Single moms and budgets and poverty seem to often go together. I would never change being a single mother, the highlight of my life really, but I would have liked to have more money. I think I am one of those people who have the un-Midas touch, meaning that everything I touch turns NOT to gold.
I’ve tried every job, started my own business, been to college 3 times. Last time I was out of the poverty zone, I was working two full time jobs, one at nights as a pizza cook, and the other on days as an on-call office admin at the hospital, and for a few months, both places needed me full time, which upped my pay, and exhausted me. My kids were old enough to be home alone, but is that the point?
Over the years I tried to improve Christmas with some newer lights for the tree, or shiny new ornaments, but it never happened. I would have to start shopping months in advance so the whole cost wasn’t in one month. I had to buy the cheapest paper and ribbon. Have the cheapest food. One year we almost didn’t have a Christmas dinner, till my boyfriend’s sister-in-law invited me and my three kids to join them. And yes, I almost had a tree like the one image on the right – almost!

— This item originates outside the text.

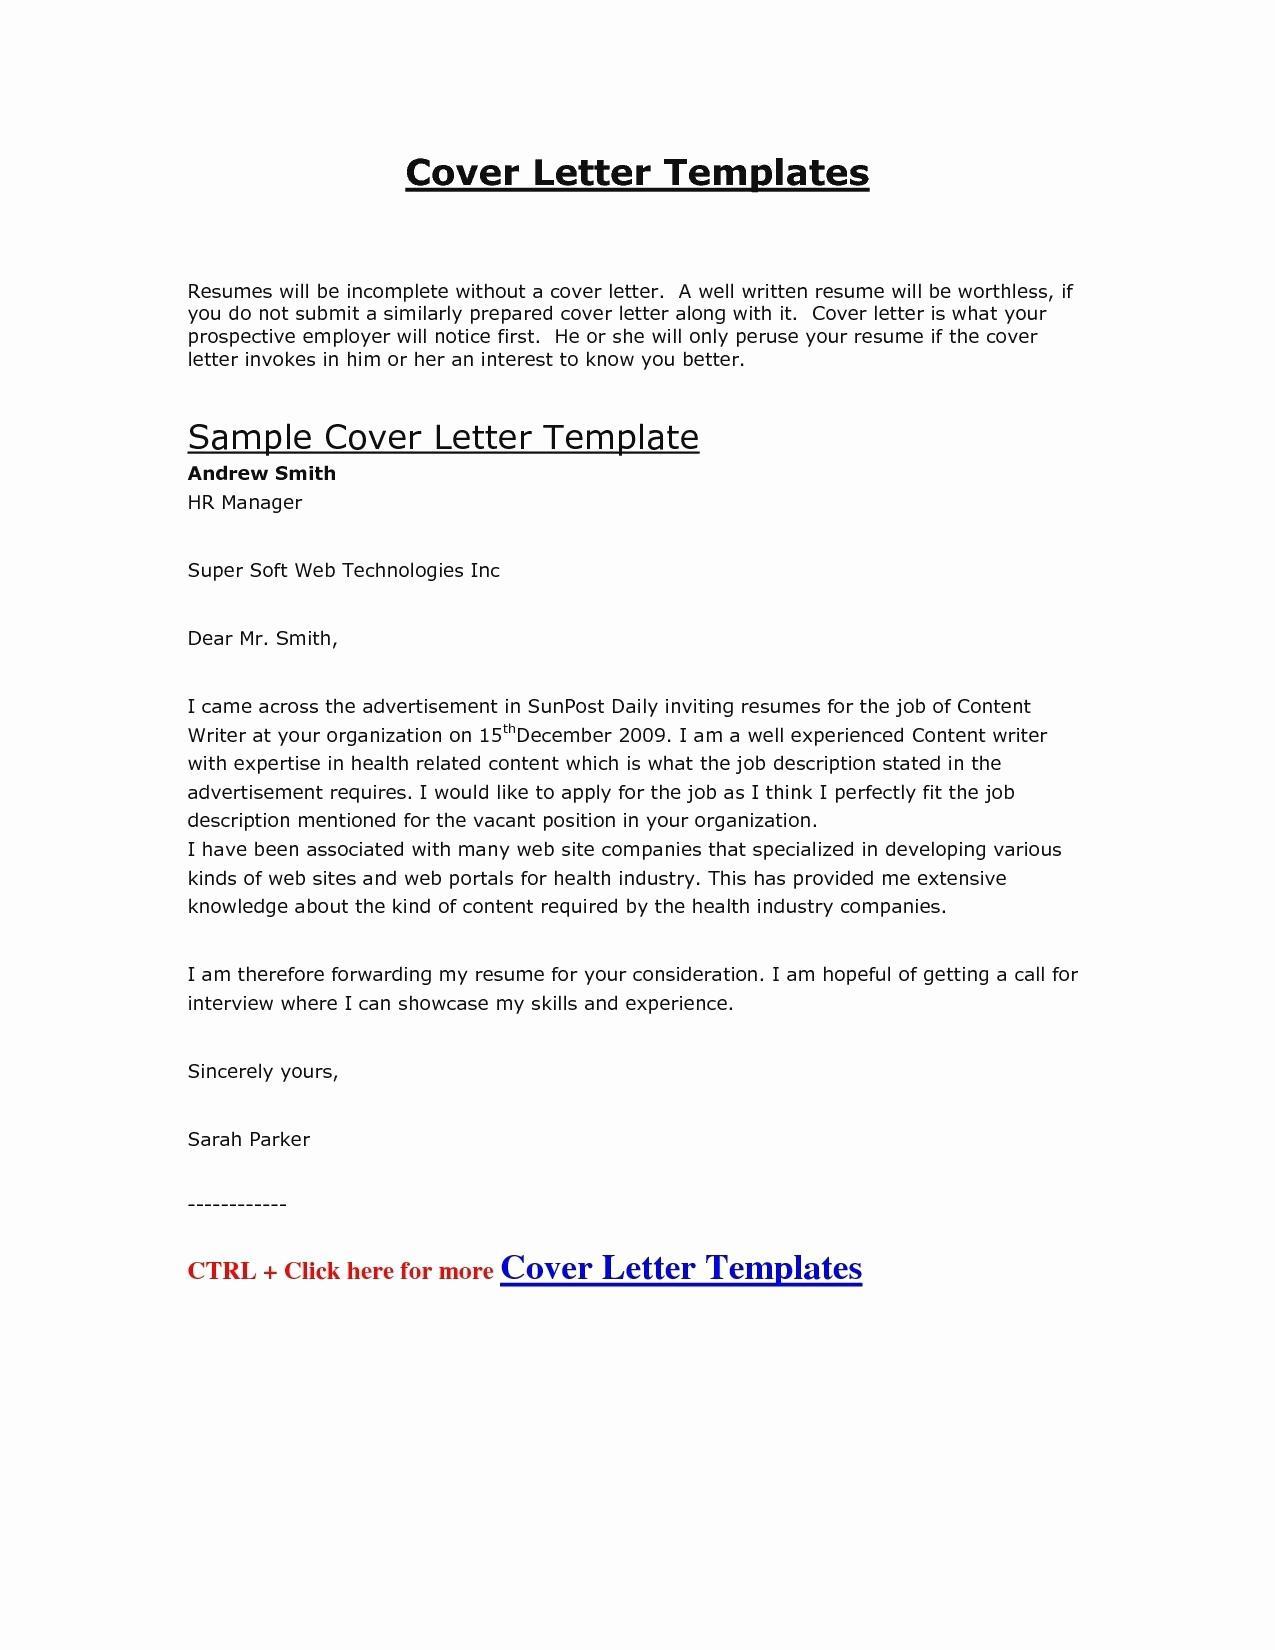 Child Custody Letter Template - Resume Templates Poppycockreviews
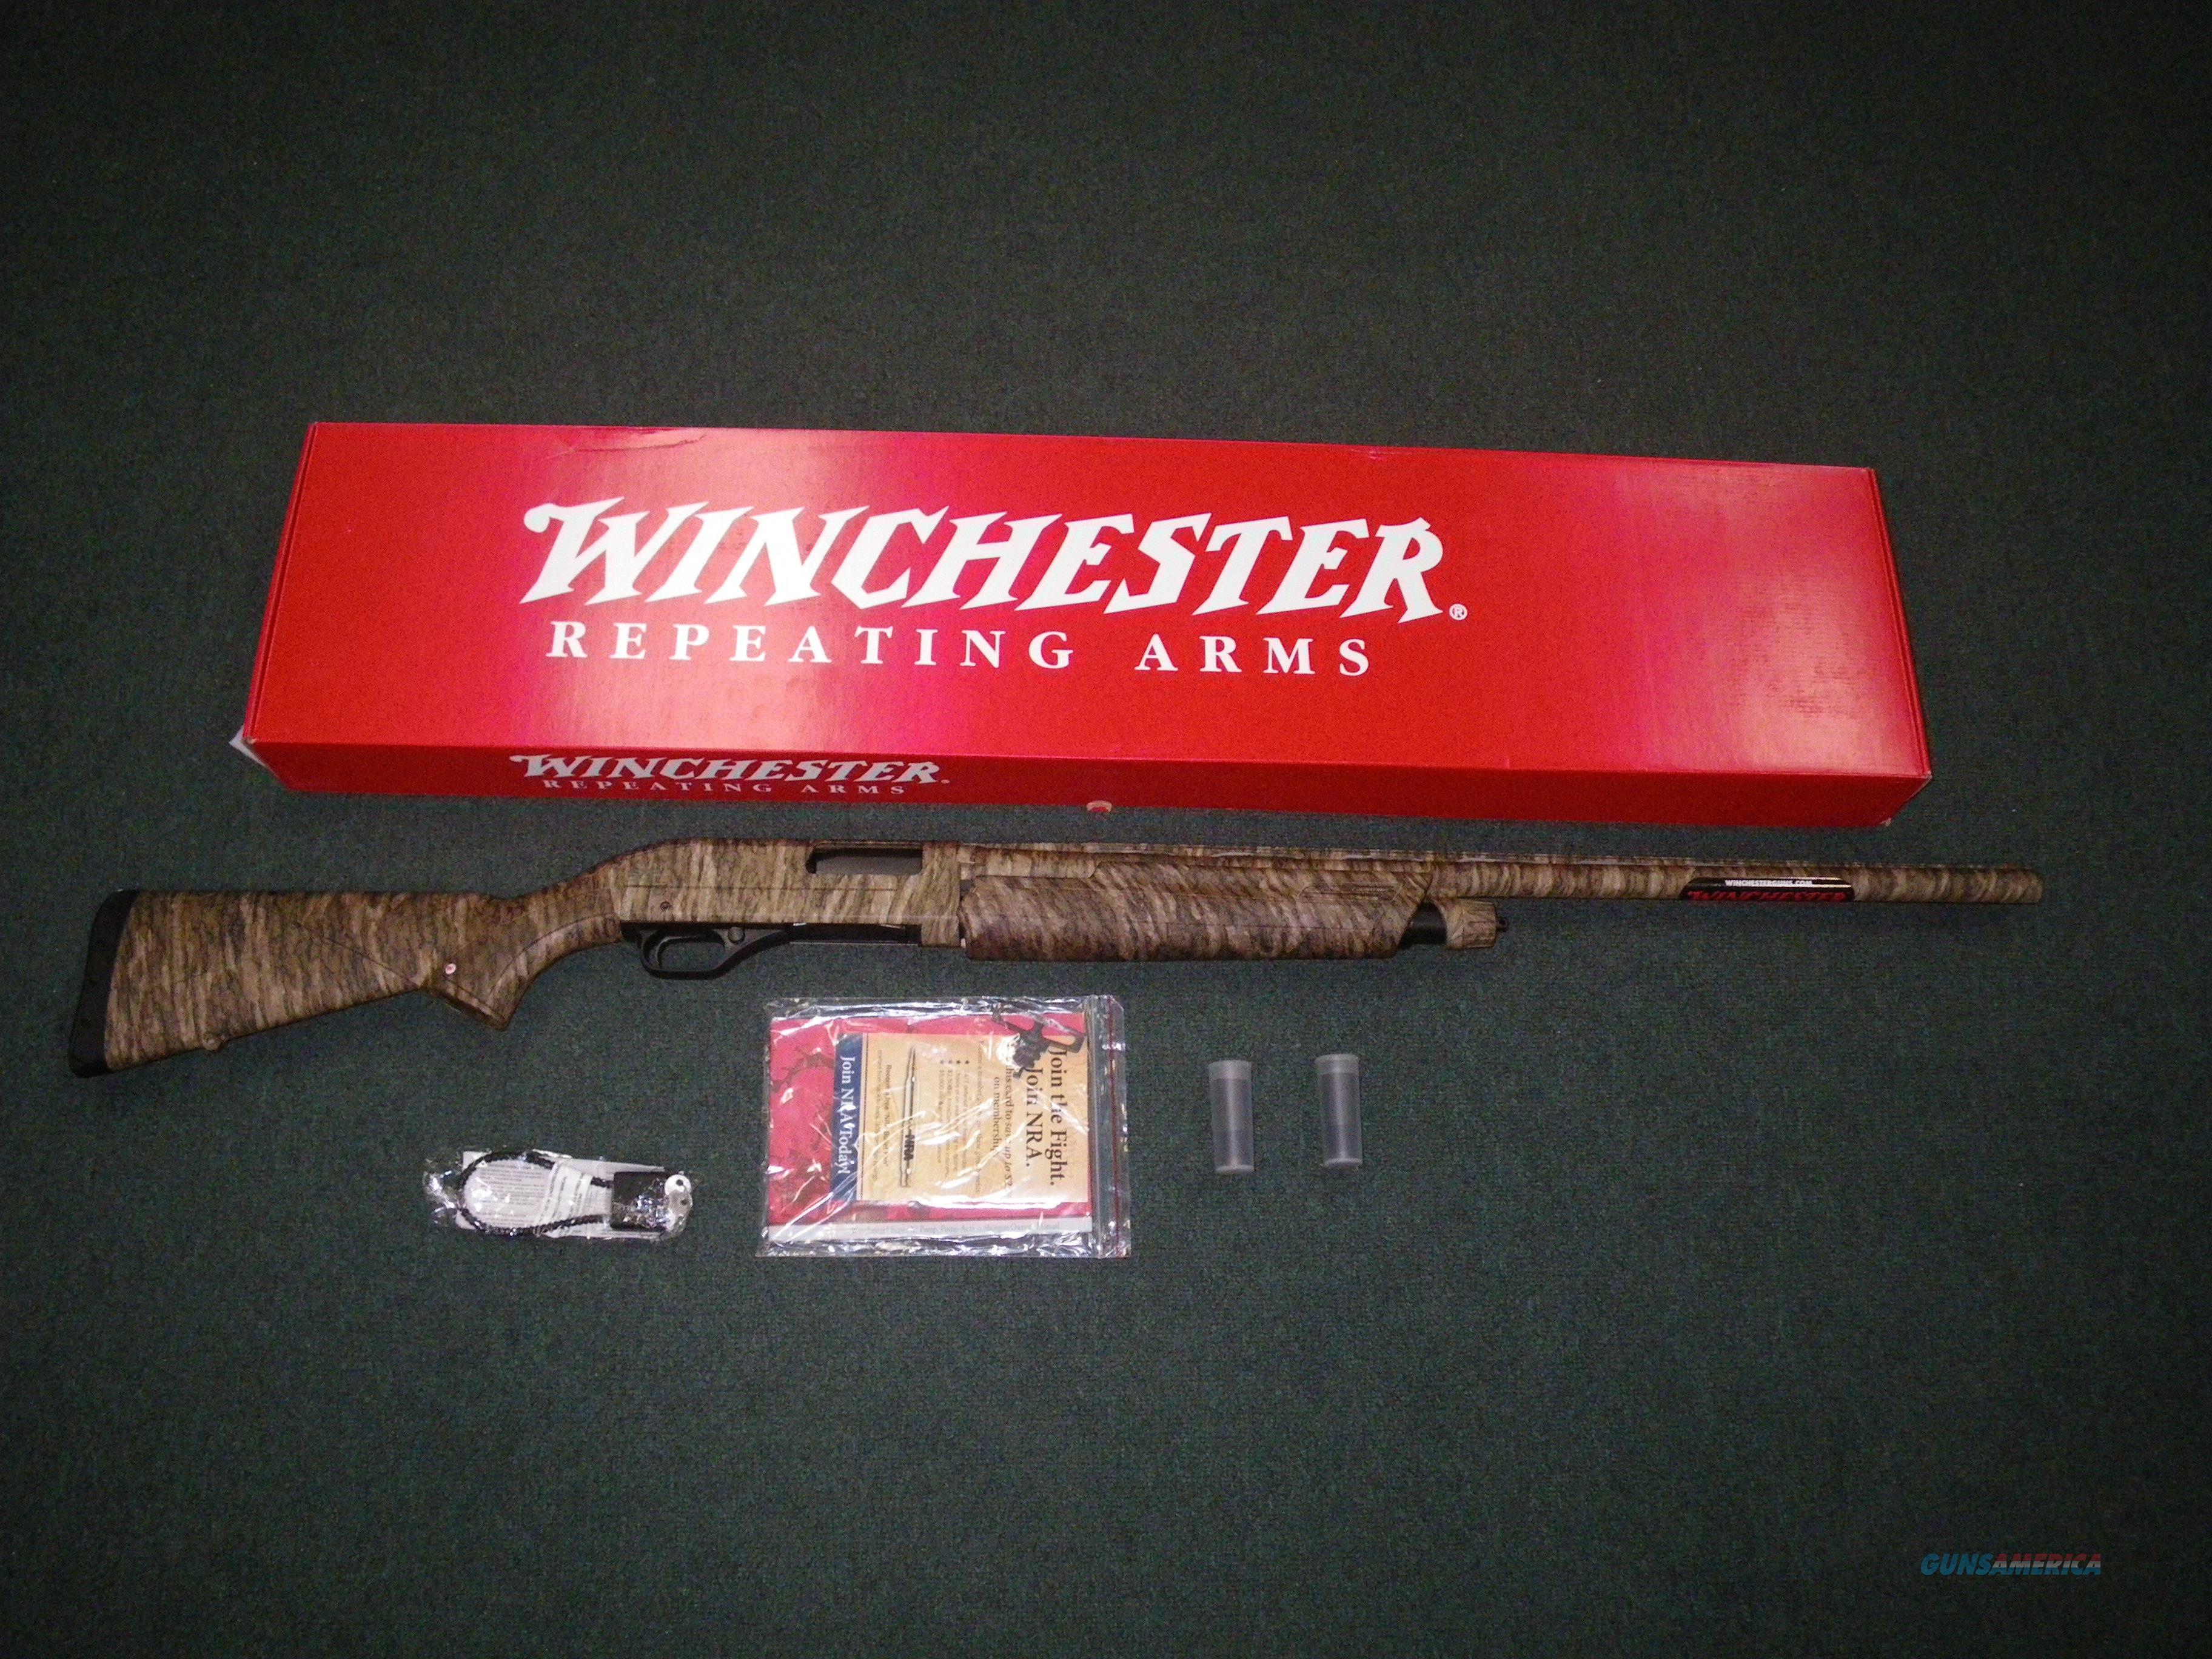 "Winchester SXP Waterfowl Btmlnd 20ga 26"" NEW 3"" #512293691  Guns > Shotguns > Winchester Shotguns - Modern > Pump Action > Hunting"

After a decade or so of this, I couldn’t stand it any longer. I told the kids, who were almost grown, that we wouldn’t be decorating a tree that year, but still have the dinner. We did this for couple of years. Now there is no sign of Christmas at my house, there are no gifts exactly, and there is no dinner. I give cash and we all find somewhere else to go for dinner. Sorta.
For instance, this year I am working. I get paid double time at my new job as a health care assistant (went to college one more time). Been working at this for 3 months, went back to school last year. I am not having a dinner. My daughter is traveling with friends in Panama. My sons are going to their dads for the big dinner. My boyfriend is joining his parents who are 5 hours away.
So although I don’t have a Christmas, when it comes it reminds me of how poor I was, how sadly pathetic I was, what I failure I had been all those years. I am just now crawling out of a cycle of minimum wage and part time jobs, maybe now I will have some assemblance of a normal working persons pay, but those feelings of a life scratching out a merry ho-ho will never leave me.